I almost hesitate to offer this answer, because I don't want to suggest in any way that its subject was really a 'mad scientist' at all.
But he did show a few of the other characteristics suggested in the question, so his name is arguably not out of place here.
For a time in the 1960s something of a loner in his research, even a maverick, he carried out essentially self-funded work in a historic mansion that he had restored from a burnt-out shell -- used partly for his family home, and partly for a private research laboratory. During part of this period he also maintained a lone scientific position against the claims of researchers from three established research centers who thought they had disproved his theories. Some of his results appeared in two little books for which his scientific competitors made fun of him by calling them the 'thoughts of Chairman M'.
But his story ended well, he turned out to be essentially in the right, and this was eventually well-recognized. His work and results overcame the initially great reluctance from many in his field to accept them; he was awarded a Nobel Prize, and his theory and results have now become part of the orthodox foundation of knowledge in his field.
Readers of this answer who are familiar with biochemistry and cell biology will probably already have recognized that these selected glimpses come from the life and work of Peter Mitchell (1920-1992). His contribution is often not well described in brief accounts (wikipedia for example has "discovery of the mechanism of ATP synthesis" which arguably misses the main point).

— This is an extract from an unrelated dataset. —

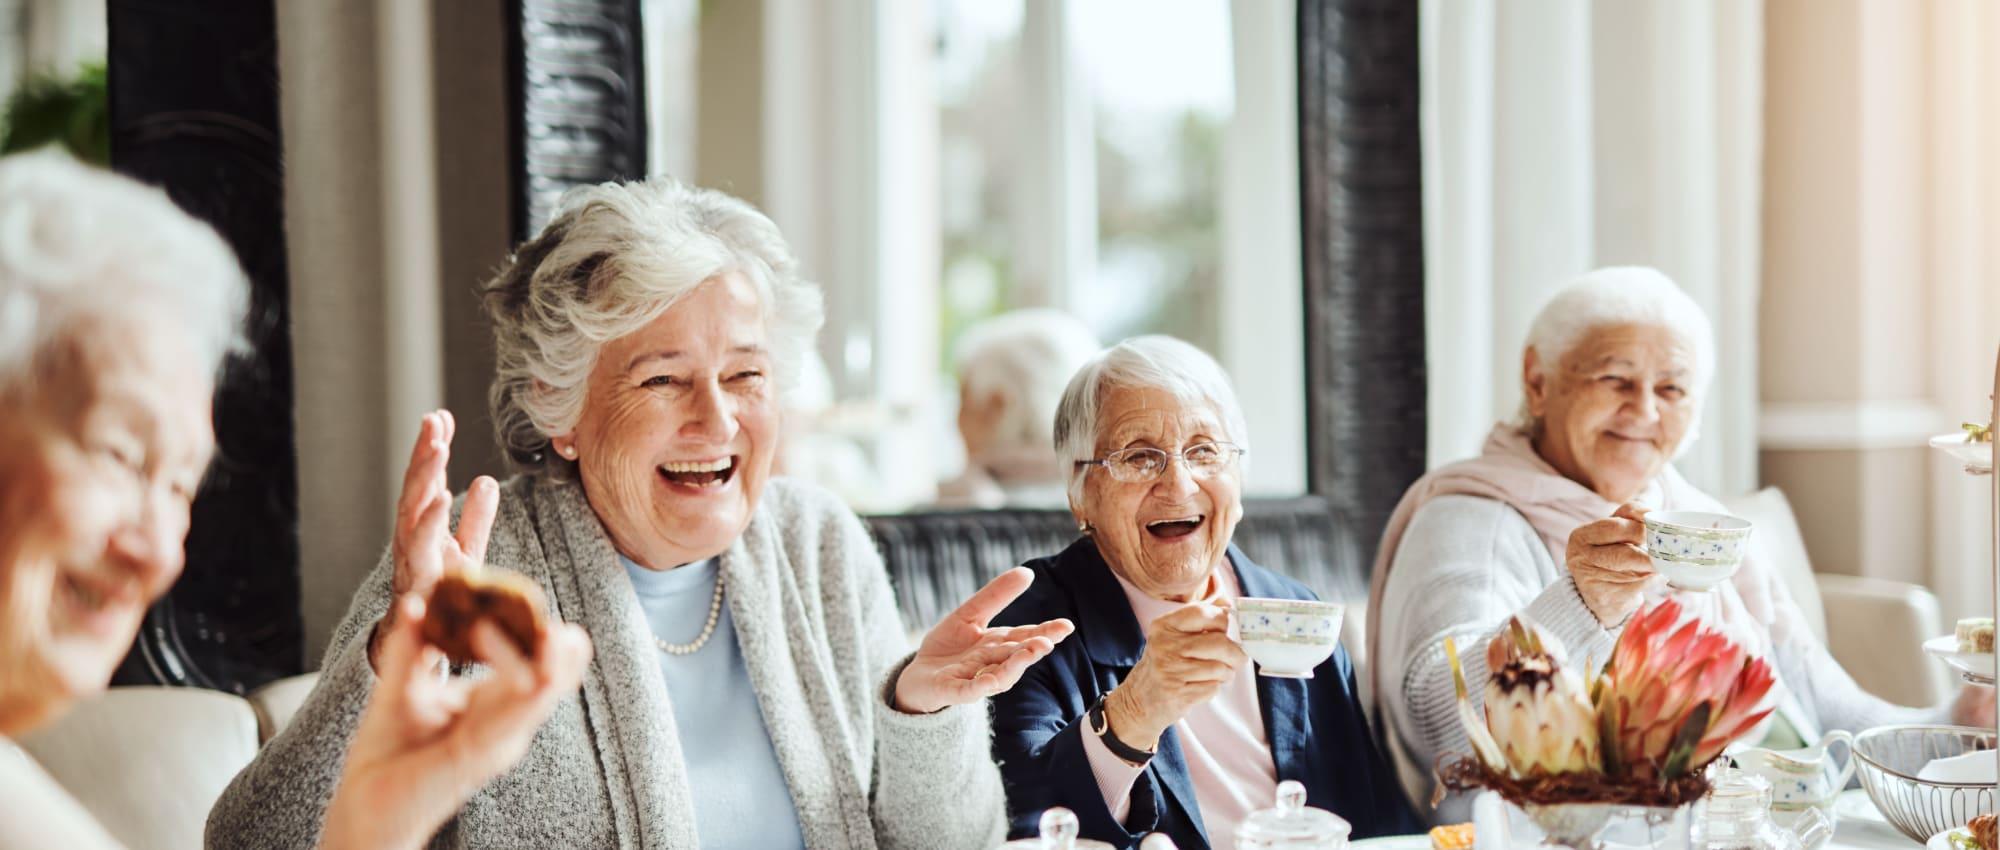 Services and amenities at Milestone Senior Living in Faribault, Minnesota.

The issue was not the synthesis of adenosine triphosphate (ATP) altogether, it was about the harnessing and deployment of the chemical energy needed and used for most of the biochemical building processes especially within the mitochondria of eukaryotic cells. This involves a kind of recycling, in which the ATP participates in any of a wide range of biosynthetic reactions, 'spending' its chemical energy by giving up its third phosphate group, and leaving behind the corresponding diphosphate ADP (or occasionally the monophosphate AMP), compound(s) of lower chemical activity. The ADP (or AMP) then has to be 'recharged' by reconversion to ATP. A big question before Mitchell's work was accordingly, how does the cell carry out this 'recharge', to reconvert those lower-energy residual molecules by adding on the extra phosphate groups -- which takes much energy -- so as to replenish the supply of the ATP molecules that then make the chemical energy available to drive biosynthetic processes? Mitchell's correct answer was that the recharging process does not rely solely on a chain of biochemical reactions (which was the previous orthodox view), it involves subcellular membranous compartments within the mitochondria, into which ionic intermediates are pumped against concentration gradients, and then in turn drive the replenishment of the ATP as they pass out - hence 'chemi-osmotic' theory. Further details can safely be left to the references:
Mitchell's 1961 statement of his chemi-osmotic hypothesis (Mitchell, P. (1961), "Coupling of phosphorylation to electron and hydrogen transfer by a chemi-osmotic type of mechanism". Nature vol. 191 (No.4784): 144–148);
Mitchell's 1978 Nobel lecture (.pdf) and at (https://www.nobelprize.org/prizes/chemistry/1978/mitchell/lecture/);
Mitchell's 1992 obituary (by Antony Crofts, June 29th 1992, originally appeared in Photosynthesis Research);
A recent summary (.doc) of oxidative phosphorylation and chemiosmotic theory (June 2013, from Martin D Brand, Buck Institute, California; Stuart J Ferguson, University of Oxford; J Baz Jackson, University of Birmingham; David G Nicholls, Buck Institute, California; and Peter R Rich, University College, London).